Abbott and Costello Meet the Invisible Man was filmed between October 3 and November 6, 1950. The characters' surnames "Alexander" and "Francis" are Abbott's and Costello's real middle names.

The special effects, which depicted invisibility and other optical illusions, were created by Stanley Horsley, son of cinema pioneer David Horsley. He also did the special effects for The Invisible Man Returns, The Invisible Woman and Invisible Agent.

As a reference to the first Invisible Man film, a photo is featured of the serum's inventor, Dr. John "Jack" Griffin, which is actually a picture of Claude Rains, who played the role in Universal's first Invisible Man film in 1933.

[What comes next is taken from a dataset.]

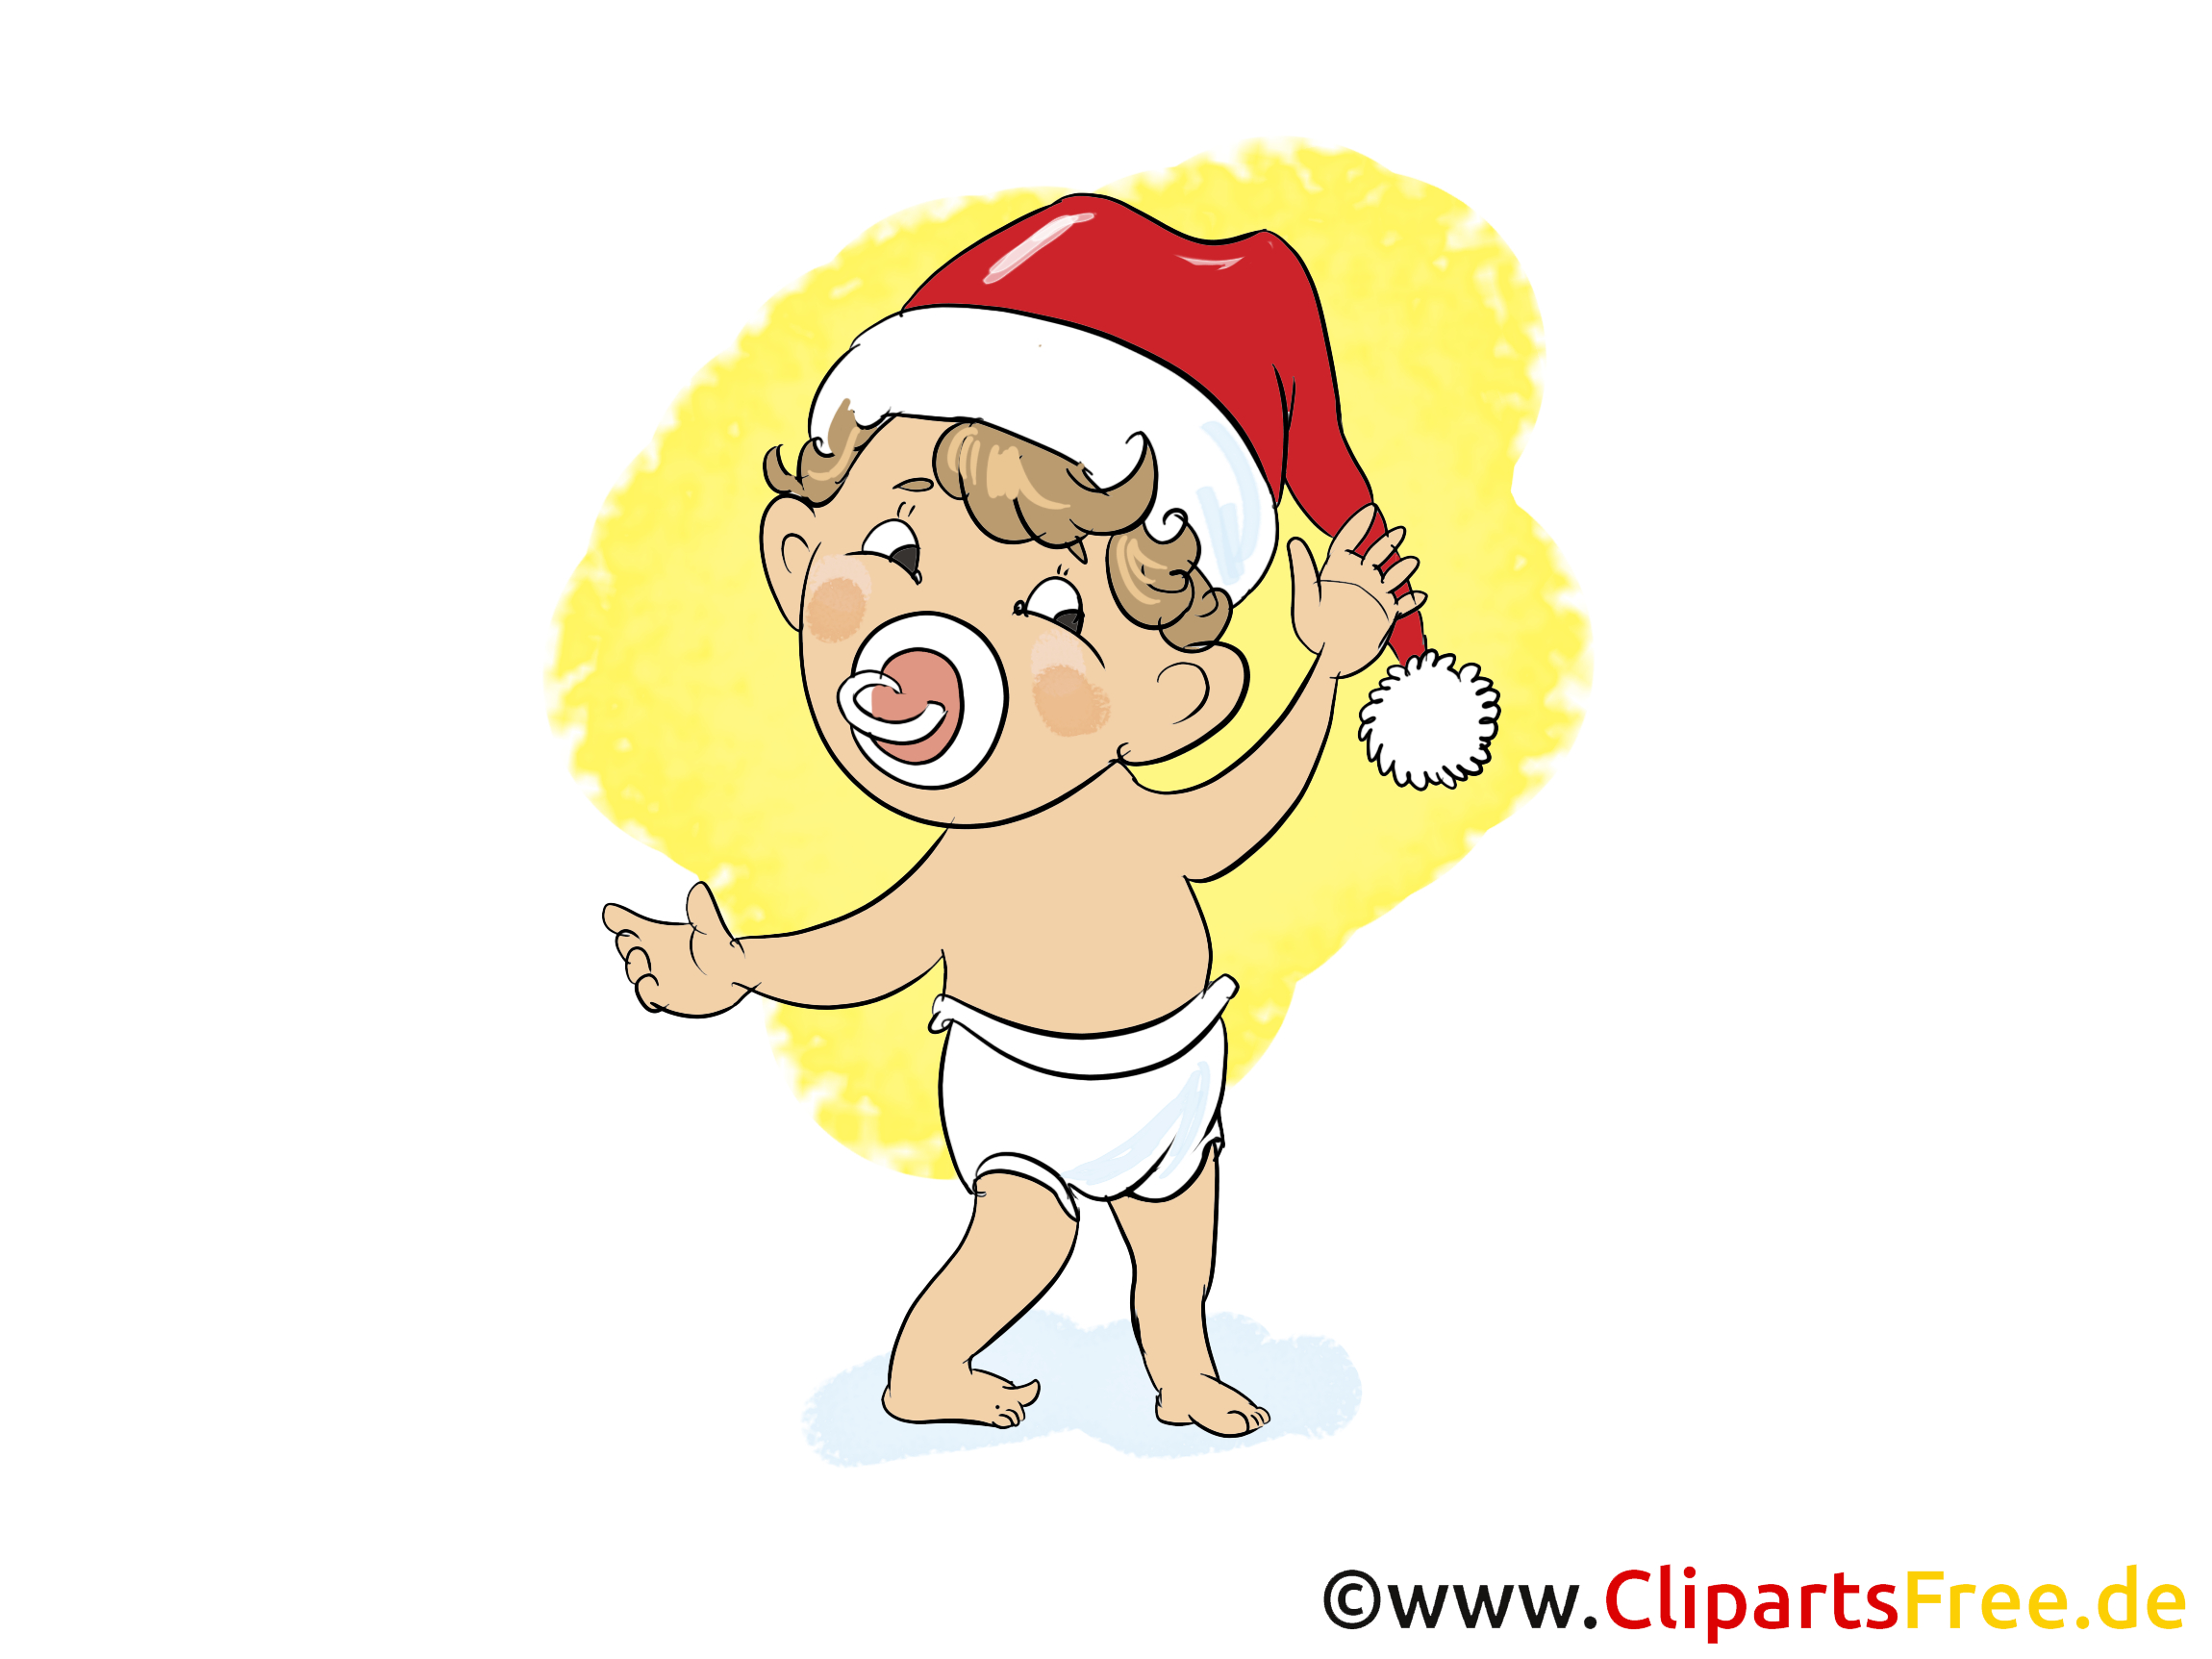 Kostenlos Clipart Zu Weihnachten, Silvester, Neujahr in Cliparts Weihnachten Und Neujahr Kostenlos

When asked by a reporter whom he has fought in the past, Lou answers, "Chuck Lamont, Bud Grant". The film's director and screenwriter, respectively, are Charles Lamont and John Grant.

==Release==
The film had a preview screening at The Fox theater in St. Louis, Missouri, on March 9, 1951. The film saw release on Wednesday, March 14.

==Home media==
This film has been released several times on DVD. First on The Best of Abbott and Costello Volume Three, on August 3, 2004, on October 28, 2008, as part of Abbott and Costello: The Complete Universal Pictures Collection, and in 2015 in the Abbott and Costello Meet the Monsters Collection. Later, the film was included in the 3-disc The Invisible Man: The Complete Legacy Collection and the 21-disc Universal Classic Monsters: Complete 30-Film Collection, both released on September 2, 2014. It was released on Blu-ray on August 28, 2018.